Tuesday, March 3, 2015

A Call to Arms

Being a Braves fan has caused me to have strong convictions about building a farm system and a major league roster. I'm a firm believer in stockpiling as many arms (i.e. pitchers) as possible. Arms at the major league level, prospects in the minors. Injuries happen and position players are sometimes needed, so you can never have enough pitching. It was an integral part of the organization's philosophy for a number of years and worked well for them. The team moved away from that philosophy during the Frank Wren years but have (seemingly) gone back to it with John Hart. 

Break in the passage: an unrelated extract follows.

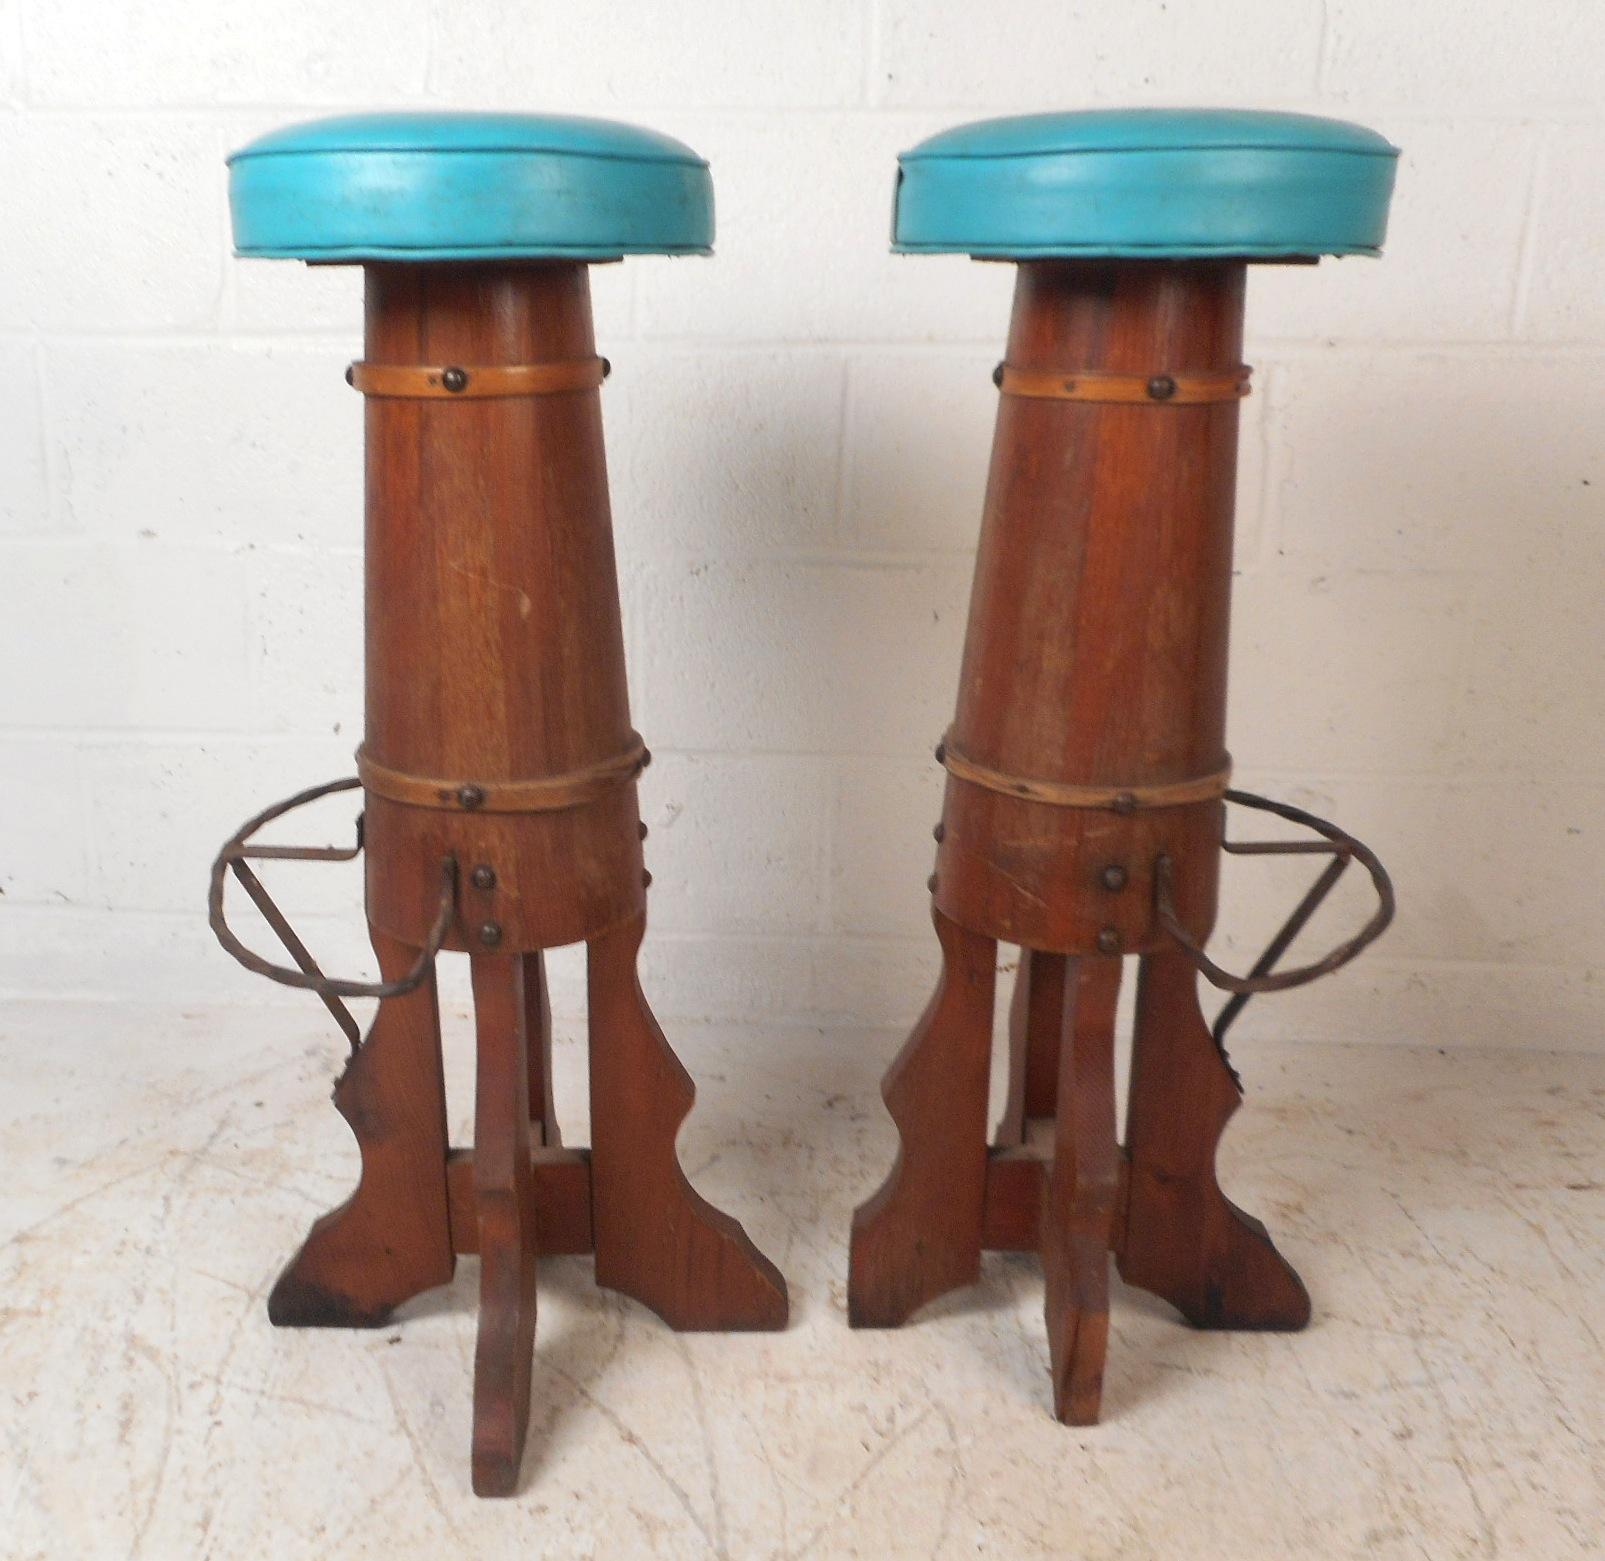 This beautiful pair of vintage modern bar stools feature a barrel style frame with unique spiral iron kick rests. The unusual design has carved feet and a teal blue vinyl covered seat giving off a smooth nautical vibe. This wonderful pair makes the

After a busy offseason, there are plenty of new arms in spring training- some of whom might make the opening day roster, while most will be re-assigned to the minors. Wherever they end up, they are surely destined to appear on cardboard wearing the Tomahawk across their chest.

Welcome Back, ARod!!!

Arodys Vizcaino, that is. Former Braves farmhand who was traded to the Cubs in the Maholm deal, Arodys is a nasty, nasty pitcher. Er, he has nasty stuff.


Out of all the recently acquired arms, Folty is the one I'm most looking forward to following this spring. Pure gas- but can he harness his control and command that 98 MPH heater? Time will tell.

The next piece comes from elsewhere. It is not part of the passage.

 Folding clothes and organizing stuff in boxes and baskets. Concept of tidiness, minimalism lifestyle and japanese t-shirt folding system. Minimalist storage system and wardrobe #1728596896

It's unfortunate that Miller's first Braves card is an autographed Spring Fever offering from Topps. And, it's numbered to something like /75. #ThanksTopps
At least he's supposed to be in the soon-to-be released Heritage set.

Pitch Count

Here's a fun little fact (via Elias Sports): with John Smoltz' election into the Hall of Fame, the Braves have become the first MLB team to start Hall of Fame pitchers in Games 1, 2, and 3 of the World Series- doing it twice, in 1995 and 1996. 

And there's also this little piece of trivia (via CBS Sports): John Smoltz is the first pitcher in the Hall of Fame to have undergone Tommy John surgery. So take heart, those 33% of you major league baseball pitchers who have also undergone the surgery: there's still hope for a HOF career.

Finally, the Braves have seven HOF pitchers who made at least 300 starts for the team- no other team has that many. The Giants are second (5), with the Dodgers third (4).






The Braves AA and AAA rotations will be fun to follow this year, especially with Banuelos- the one-time top Yankee prospect- and Jenkins ticketed for the high-minors. Jenkins, like so many of this season's acquisitions, is a high risk-high reward player. His stuff is often described as 'electric' but has battled injuries and inconsistencies throughout his career. Reports thus far this spring have been good. *fingers crossed*








Fried, who will miss most, if not all, of this season as he recovers from Tommy John surgery, has previously been described as 'the best high school pitching prospect since Clayton Kershaw.' By the time he throws a pitch for the Braves organization, he will have missed almost two complete seasons. Atlanta (or anyone else, for that matter) never would have been able to acquire him from San Diego had he not been injured. *fingers and toes crossed*



Safe to say the least known of all of the pitchers featured, Winkler was picked up via the Rule-5 draft after undergoing Tommy John surgery this past season. And while he doesn't have the pure stuff of many of the previously mentioned pitchers, he has been a strikeout machine his first four professional seasons- striking out 9.5 batters per 9 innings (396.2 innings). A low BABIP and low WHIP have been friends to the 20th-round pick from the 2011 draft who uses deception and pitching to contact to his advantage.